Weight gain is not a commonly reported side effect of Cevimeline in clinical trials. The medication primarily affects glandular secretions and smooth muscle activity rather than metabolism or appetite. However, some patients might find that because their dry mouth is improved, they are able to eat more comfortably and may consume more calories as a result. Conversely, some patients might experience weight loss if they suffer from persistent nausea or diarrhea while taking the drug. If you notice significant or unexplained changes in your weight while taking Cevimeline, you should discuss this with your doctor. They can help determine if the change is related to the medication or another underlying health issue.

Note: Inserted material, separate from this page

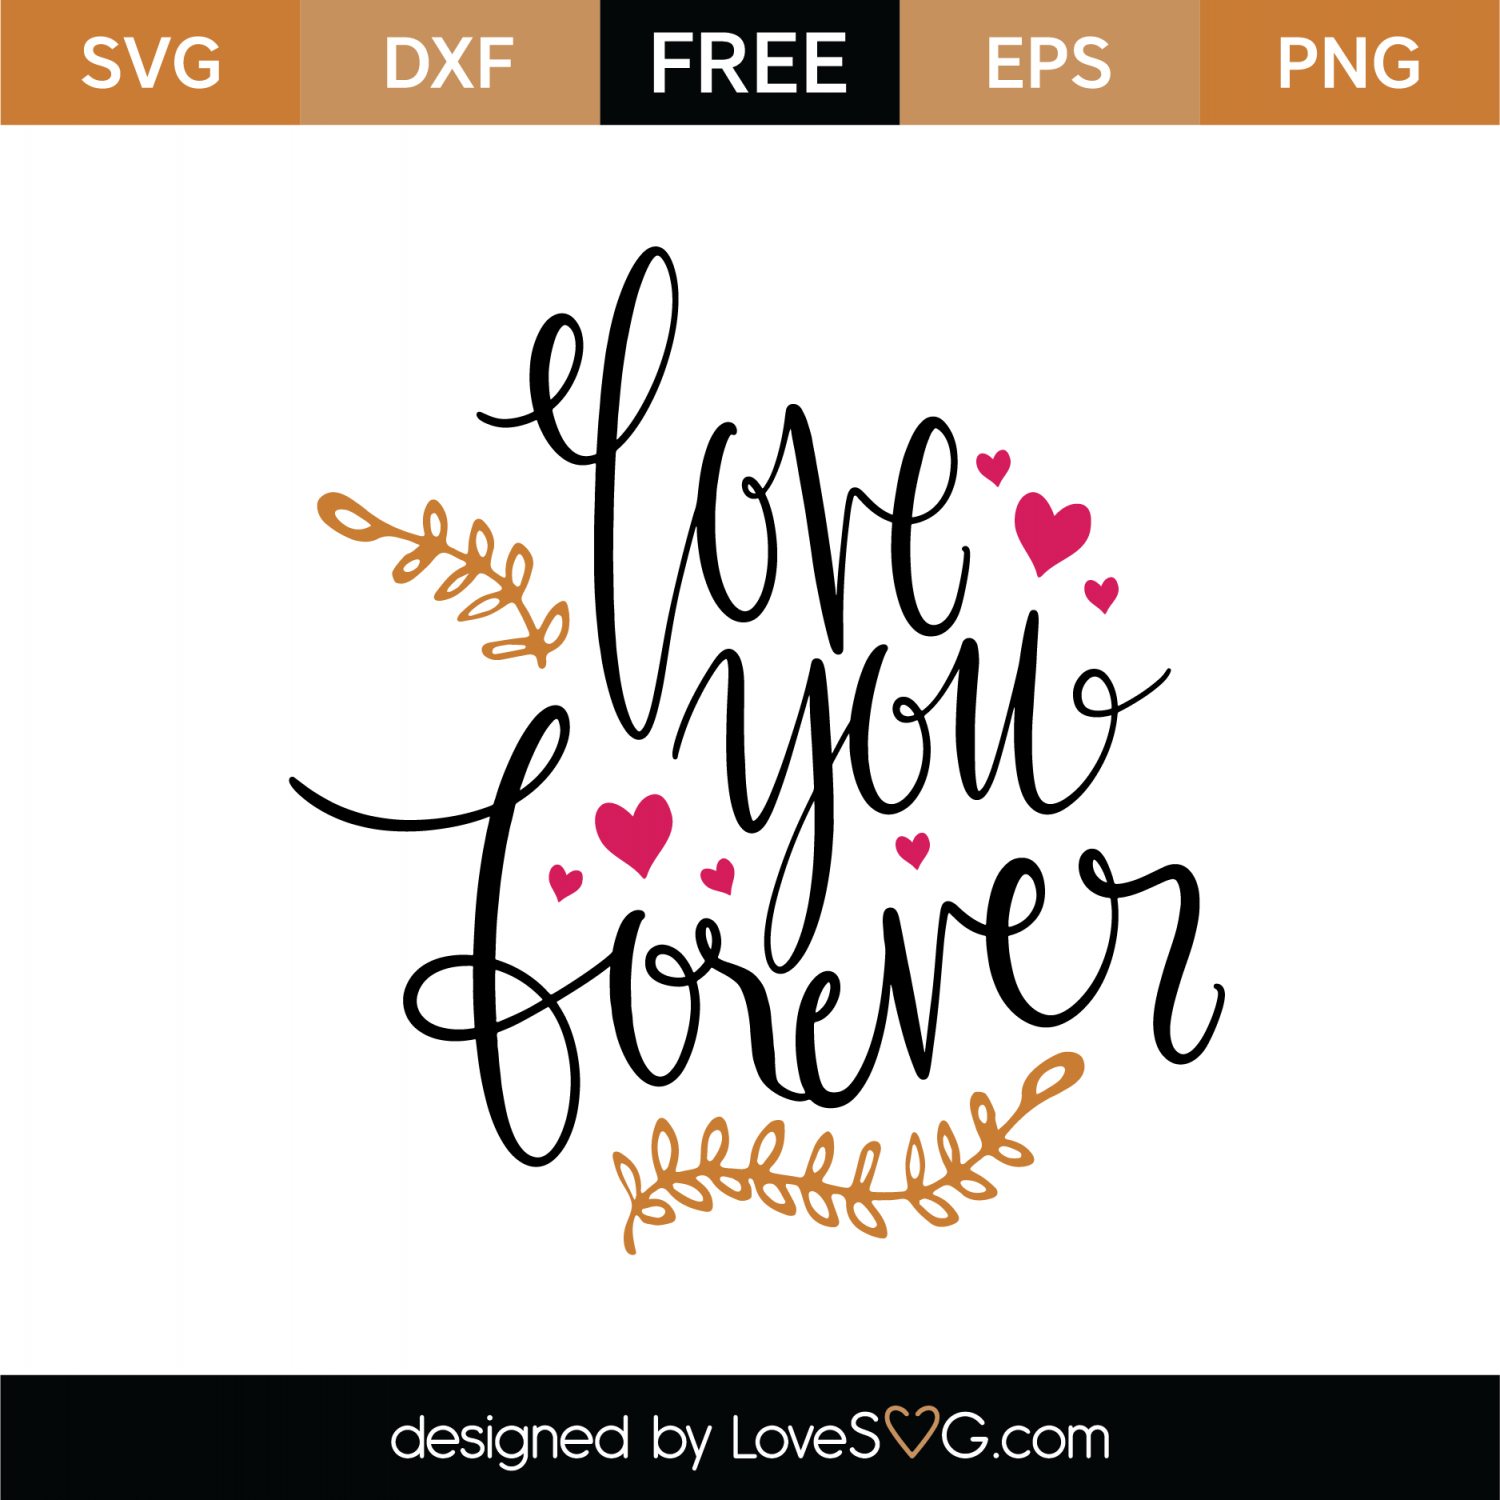 Download Free Love You Forever SVG Cut File | Lovesvg.com

Cevimeline can interact with several types of medications, so a full review of your current drug list is essential. It should not be taken with other cholinergic drugs or certain heart medications like beta-blockers, as this can cause dangerous changes in heart rate. Additionally, medications with 'anticholinergic' effects (like many antidepressants, antihistamines, and over-the-counter sleep aids) can cancel out the benefits of Cevimeline. Drugs that affect liver enzymes, specifically CYP2D6 and CYP3A4, can also change how your body processes Cevimeline. Always provide your doctor and pharmacist with a complete list of all prescriptions, supplements, and herbal remedies you are using. This allows them to check for potential interactions before you start treatment.
Yes, Cevimeline is available as a generic medication in the form of 30 mg capsules. The brand name version is known as Evoxac. Generic versions are required by the FDA to have the same active ingredient, strength, dosage form, and route of administration as the brand-name drug. They must also prove 'bioequivalence,' meaning they work the same way in the body. Choosing the generic version can often significantly reduce the out-of-pocket cost for patients. If you have questions about whether the generic is right for you, or if your insurance covers it, speak with your pharmacist or healthcare provider. Most pharmacies stock the generic version due to its wider affordability.